Kürzlich wurde bekannt das Britney ihre beiden Söhne mit auf Tour nehmen kann/darf. Nachdem Kevin eine neue Freundin an seiner Seite hat, hatte Britney Angst das dieses neue Freundin ihren Platz als Mutter einnehmen würde. Insider behaupteten sogar das Britneys Söhne zu der neuen Freundin von Kevin bereits *Mama* sagen sollen. Klar, ein herber Schlag für Britney die es gerade geschafft hat wieder mit beiden Beinen im Leben zu stehen. So ist es auch nachzuvoll ziehen das wenn sie ihre Söhne nicht mit auf Tour nehmen könnte, stände in den Sternen, ob die Tour überhaupt planmäßig durchgezogen werden könnte.

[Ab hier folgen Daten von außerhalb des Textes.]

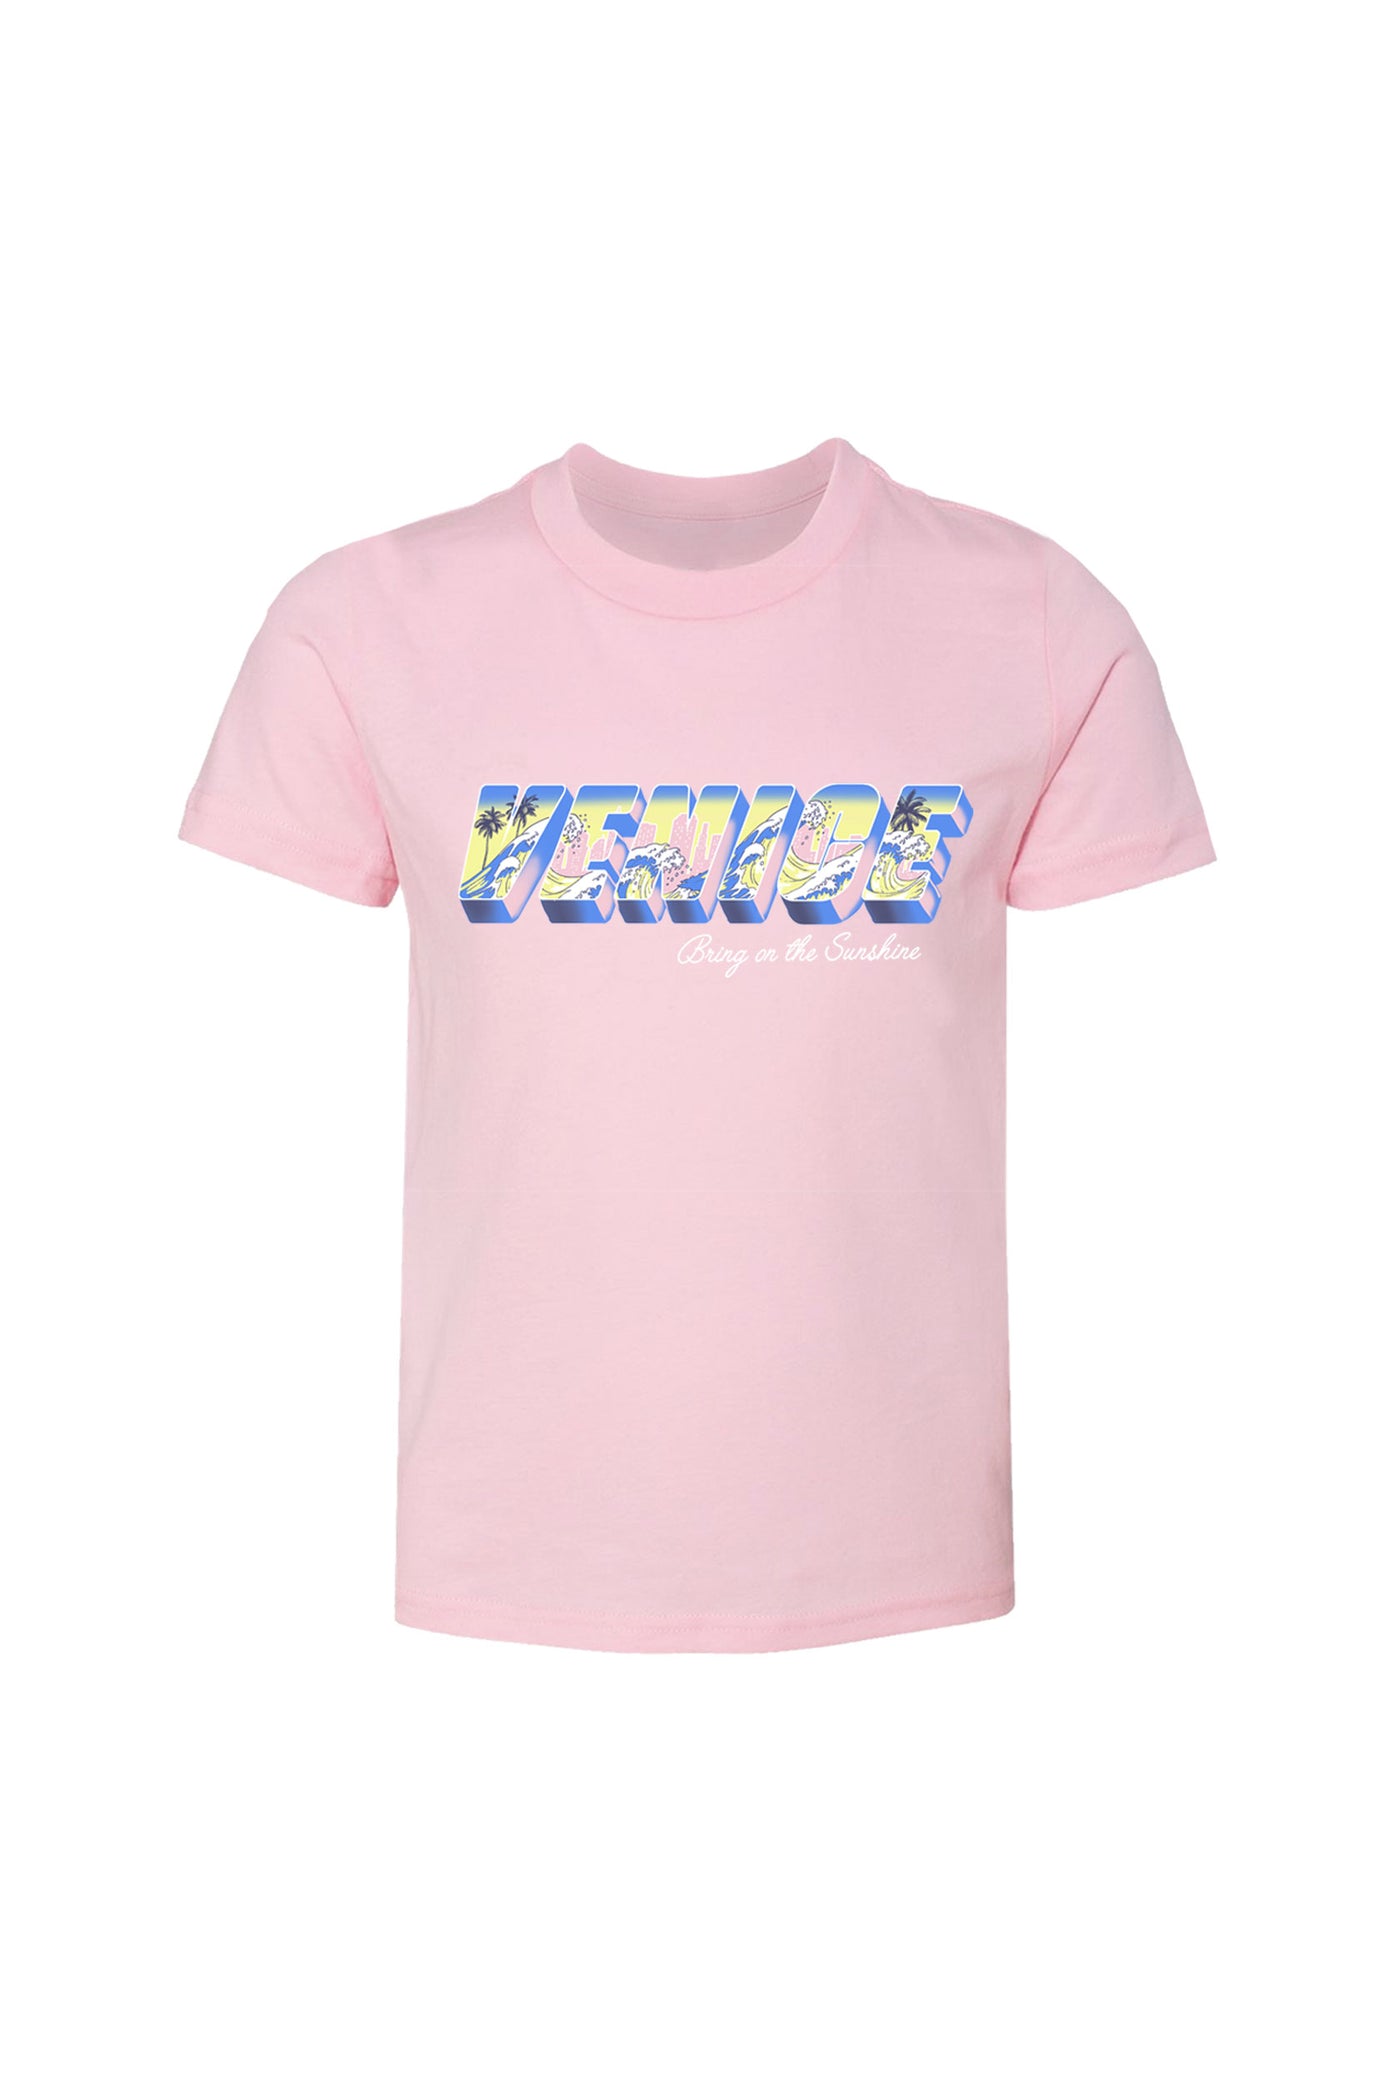 Kids' Pink Venice T-shirt-Unisex

Aber auch jetzt wo von ihren Eskapaden keine Rede mehr ist, holt sie ihre Vergangenheit immer wieder ein. So wurde Britney jetzt von ihrem ehemaligen Manager Osama Lufti verklagt. Der selbsternannte Manager hielt sich in den Krisenzeiten der Sängerin ständig in ihrer Nähe auf und fühlt sich nun blosgestellt und mehr als ausgenutzt.


Zudem habe Spears Vertragsbruch begangen und seinen Ruf öffentlich durch den Schmutz gezogen, geht aus der Anklage hervor. Aus diesem Grund verlangt Lufti eine Entschädigung in ungenannter Höhe. Ob “Sam” Lufti wirklich verletzt ist oder sich nur rächen will, weiß er wohl nur selber.


Schließlich hat Spears erst vor wenigen Tagen gerichtlich durchsetzen lassen, dass sich Lufti ihr und ihrer Familie nicht mehr nähern darf.